Sports Psychologist Is Fascinated by the Mind Game

Sports Psychologist Is Fascinated by the Mind Game

Dr. Paul Weinhold played tennis at the University of Illinois “before academics got in the way.”
Dr. Paul Weinhold played tennis at the University of Illinois “before academics got in the way.”
Jack Graves
By
Jack Graves

    “The brain, then, is a terrible thing. . . ?” this writer said after Dr. Paul Weinhold, a sports psychologist, sat down during a recent visit to The Star.

    “A terrible and a wonderful thing,” he said. “The mind plays an incredible role as to how you’re going to perform. There’s no level of athlete who’s exempt, whether you’re a professional or a weekend warrior.”

    “As the skill level increases,” he continued, the ante is upped, as it were. “For instance, if you look at an elite player — and I work with a lot of them, in all different sports — what separates those who succeed from those who struggle is the mind game, the mental component.”

    “Jack Nicklaus was giving a seminar and he said he never missed a putt within three feet. Somebody in the audience said, ‘But Mr. Nicklaus, I once saw you miss a putt of probably two-and-a-half feet.’ ”

    “ ‘No, sir,’ ” Nicklaus said. ‘I don’t remember that.’ He had chosen to forget the mistake, because he wished to remain positive. It’s a strategy that’s best for athletes to follow. You don’t want to be reminded of mistakes because the brain then becomes too captivated by the failures, and in so doing activates a lot of the sympathetic nervous system. That kind of obsessing produces a physical result. Your heart beats faster, your blood pressure rises . . . the brain has initiated what we feel as anxiety.”

    When one is “in the zone,” performing at an extraordinarily high level, Weinhold said, “the mind is quiet, no negative energy is being created. Countless examples exist of victorious athletes acknowledging in interviews the overwhelming importance of an additional shift that allows a calm, determined, positive focus. Successful athletes need to master and sustain this shift. This ‘zone,’ or ‘flow’ is best described as completely focused motivation.”

    In the early days of his career, Weinhold, who had played tennis at the University of Illinois “before academics got in the way,” worked largely with tennis players, including elite junior players at the Port Washington Tennis Academy, “though not in the Harry Hopman years.” Later, he came to work, he said, with professionals in golf, football, basketball, baseball, swimming, gymnastics, sailing, riding . . . even billiards.

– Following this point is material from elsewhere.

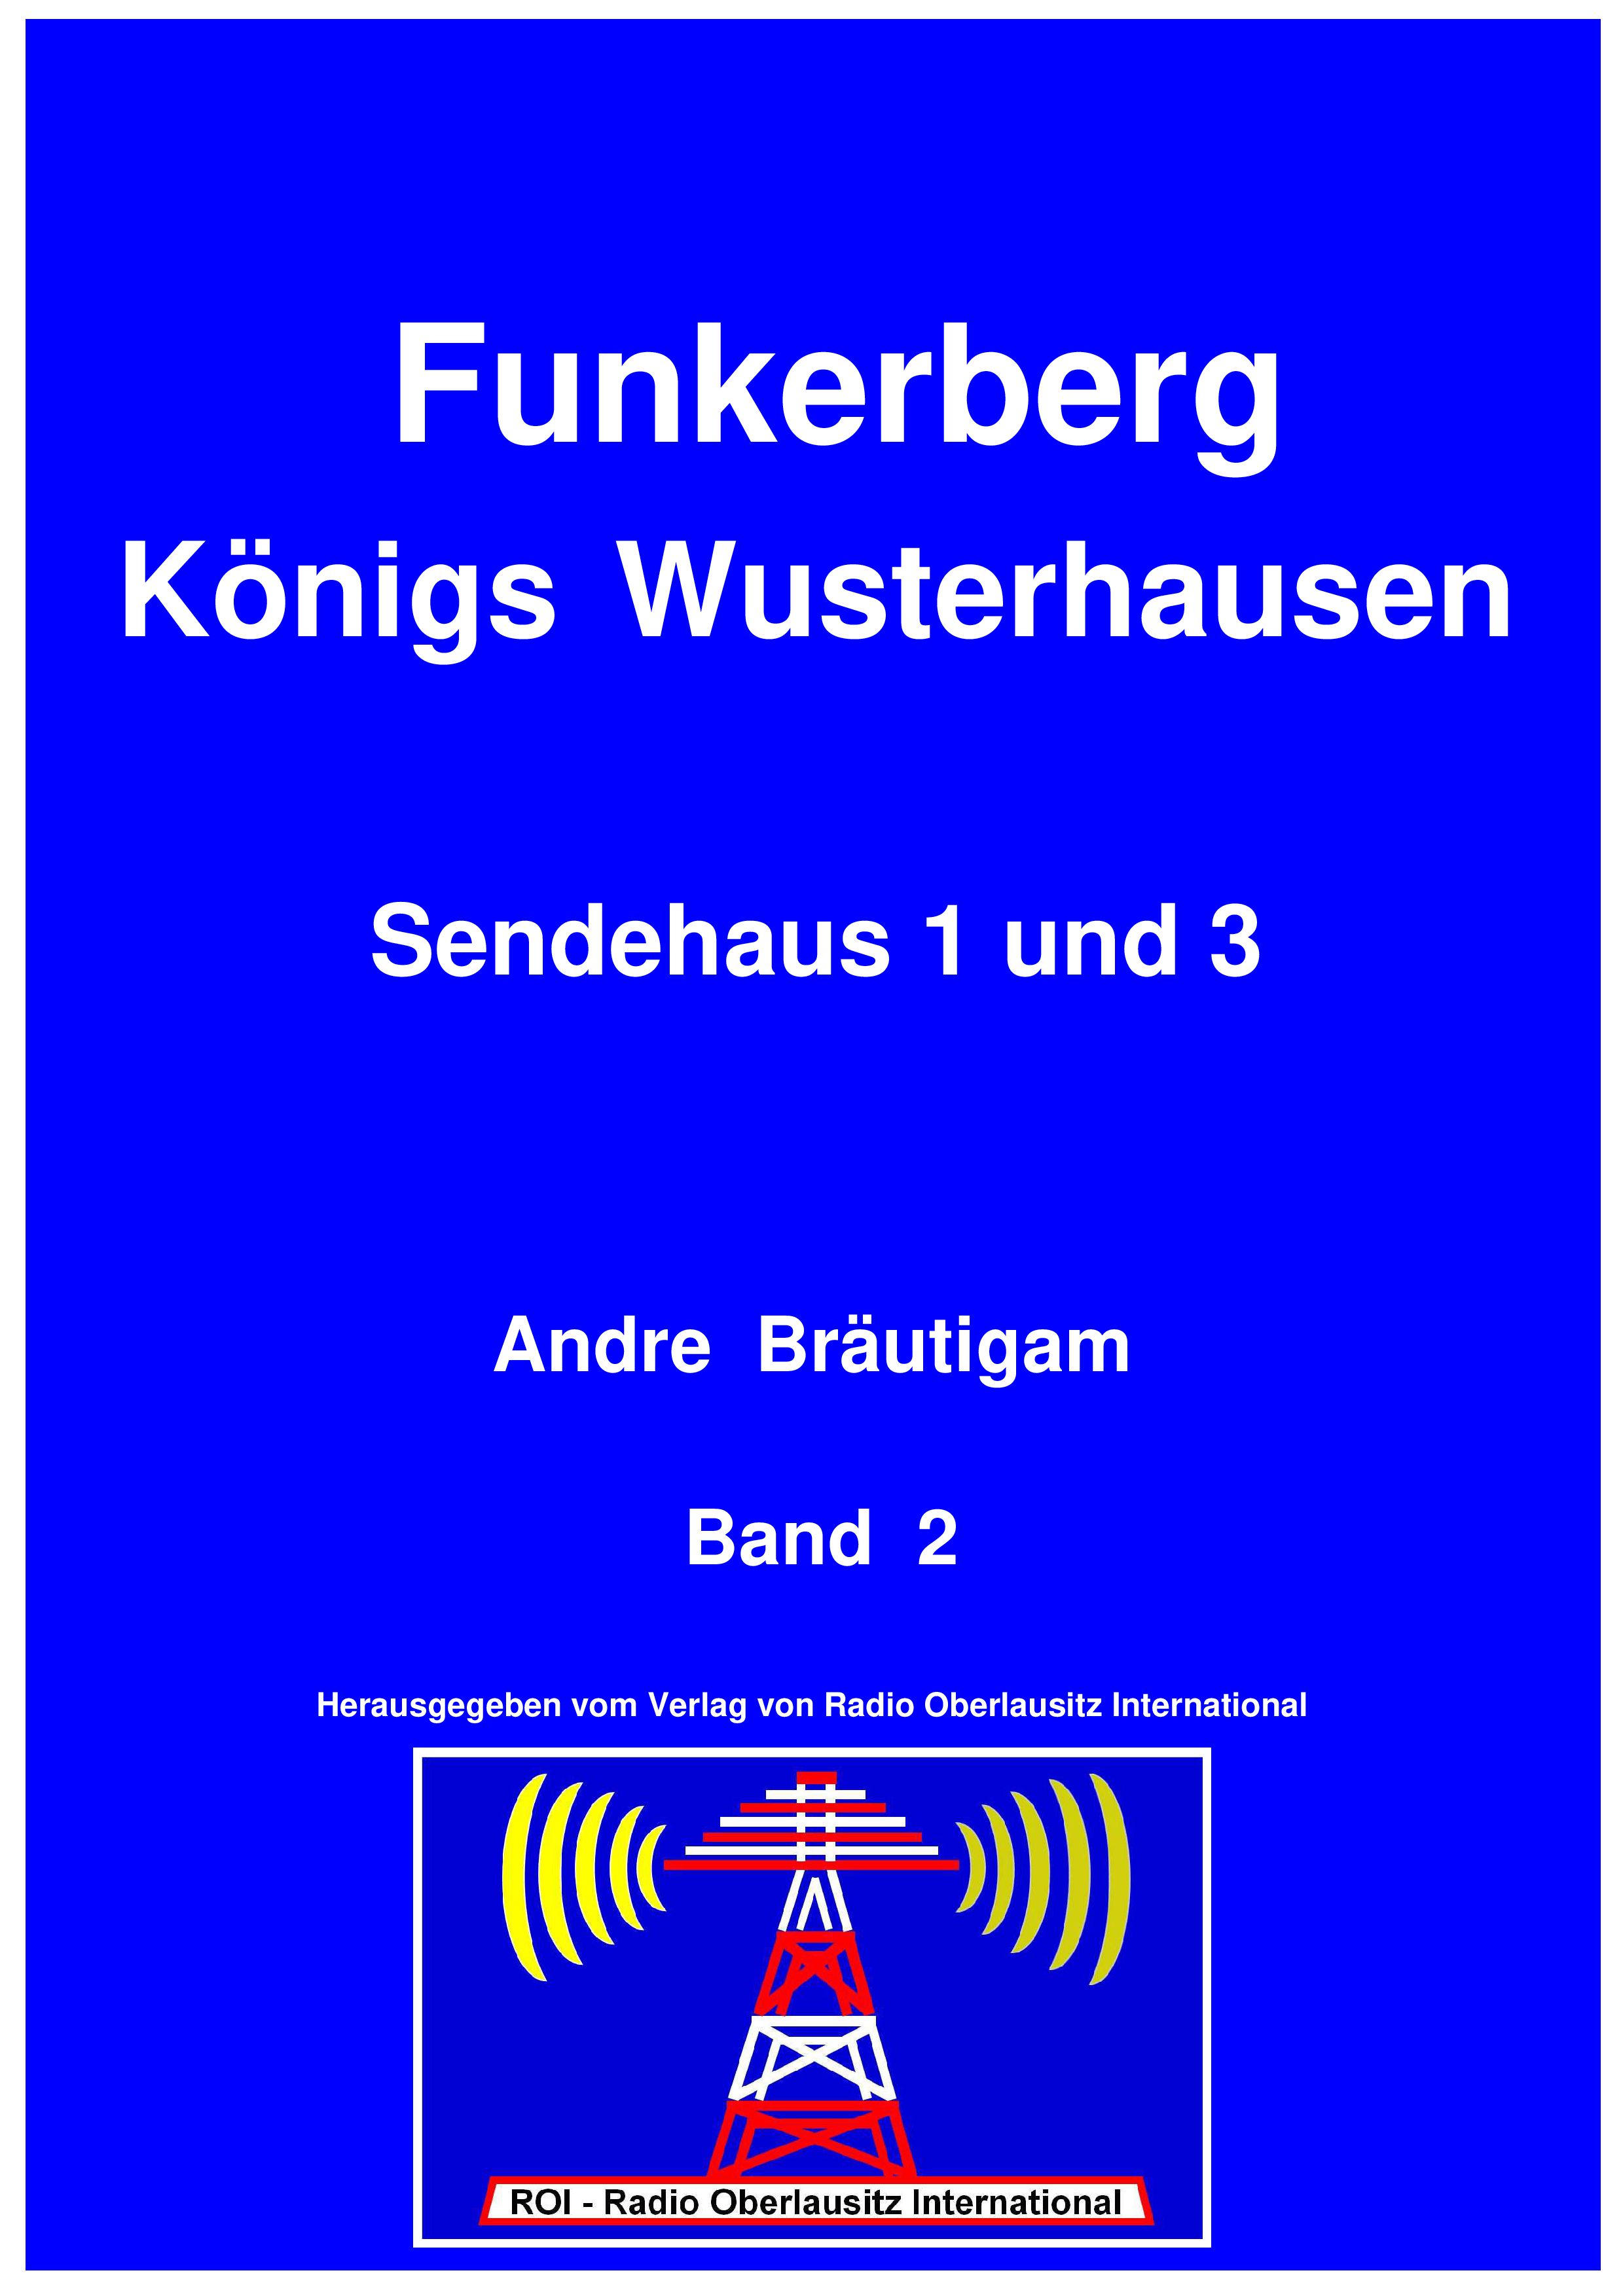 Funkerberg Königs Wusterhausen Sendehaus 1 und 3
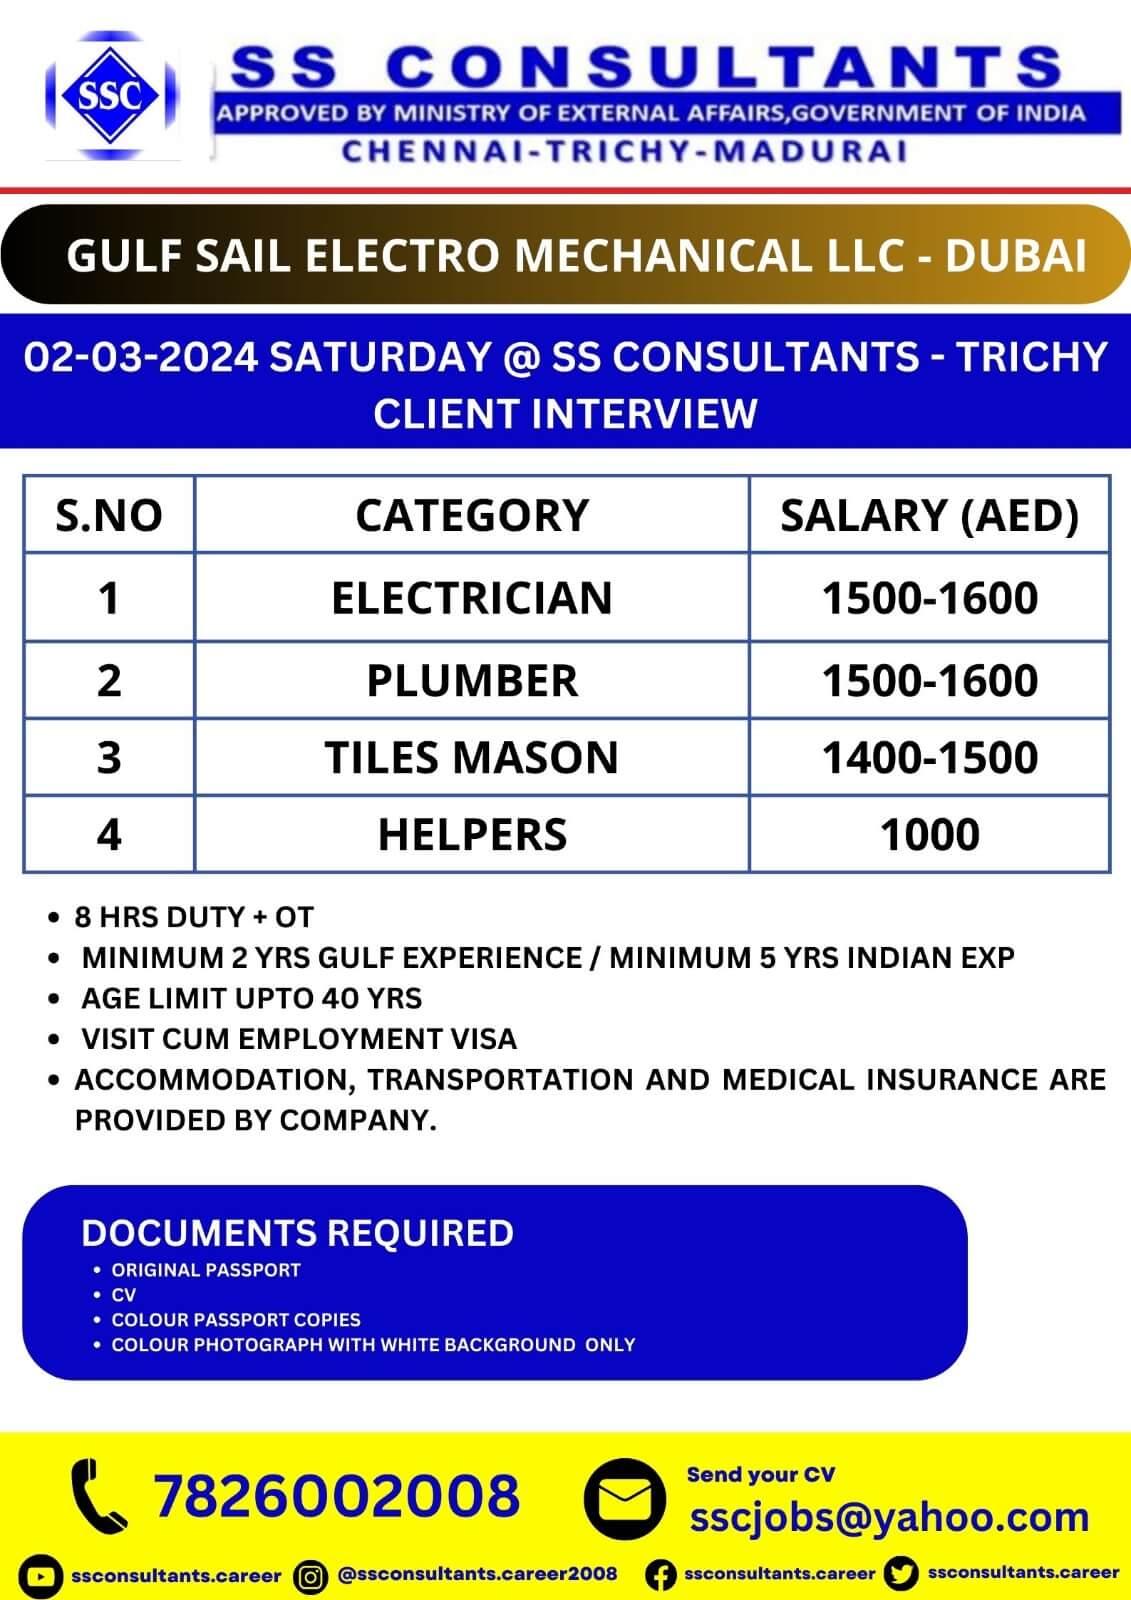 GULF SAIL ELECTRO MECHANICAL LLC - DUBAI

    “Billiards is very, very psychological. You’re thinking way ahead to position your shots. There are a lot of opportunities for tension to come into play. You must be completely in the moment. It’s comparable to golf because of all the time you have to think. If the brain thinks too much it goes into rapid beta activity. An alpha rhythm, a slow rhythm where your heart beats very, very consistently, is preferred. . . . When you’re not activating the sympathetic nervous system, your heart settles into a very, very comfortable rhythm, which allows you to feel less tension and helps you focus on what you’re trying to accomplish. . . . The brain is the narrator, we’re always judging ourselves, but we can, through training, release our conscious minds so that we can, if we’re golfers, say, play the ball as it lies by summoning our energy to execute the best shot we can manage.”

    Lately, he has been working with the half-dozen boys and one girl who constitute the first class of the Ross School’s Tennis Academy. “We try to get together as a group every Friday. They’re very talented kids, a great group. I’m there to help them reduce the anxiety of playing what is inherently a very difficult game, to modify how the pressure of tournament play is felt. They’re between the ages of 11 and 15, so I’m getting them at the right time to introduce them to the mental side of the game.  If they advance, you want their minds not to be working against them. Their bodies will be more comfortable if their minds aren’t working against them. You look at that sprinter, Usain Bolt. He’s so confident, he looks so comfortable. He breaks out of the blocks and he starts looking around. I would think that he’s done sports psychology work. He can let everything go. . . . Focus and confidence go hand in hand. If you’re confident, you will see the ball coming to you more clearly. Suddenly it becomes larger even though it’s coming at a rapid speed.”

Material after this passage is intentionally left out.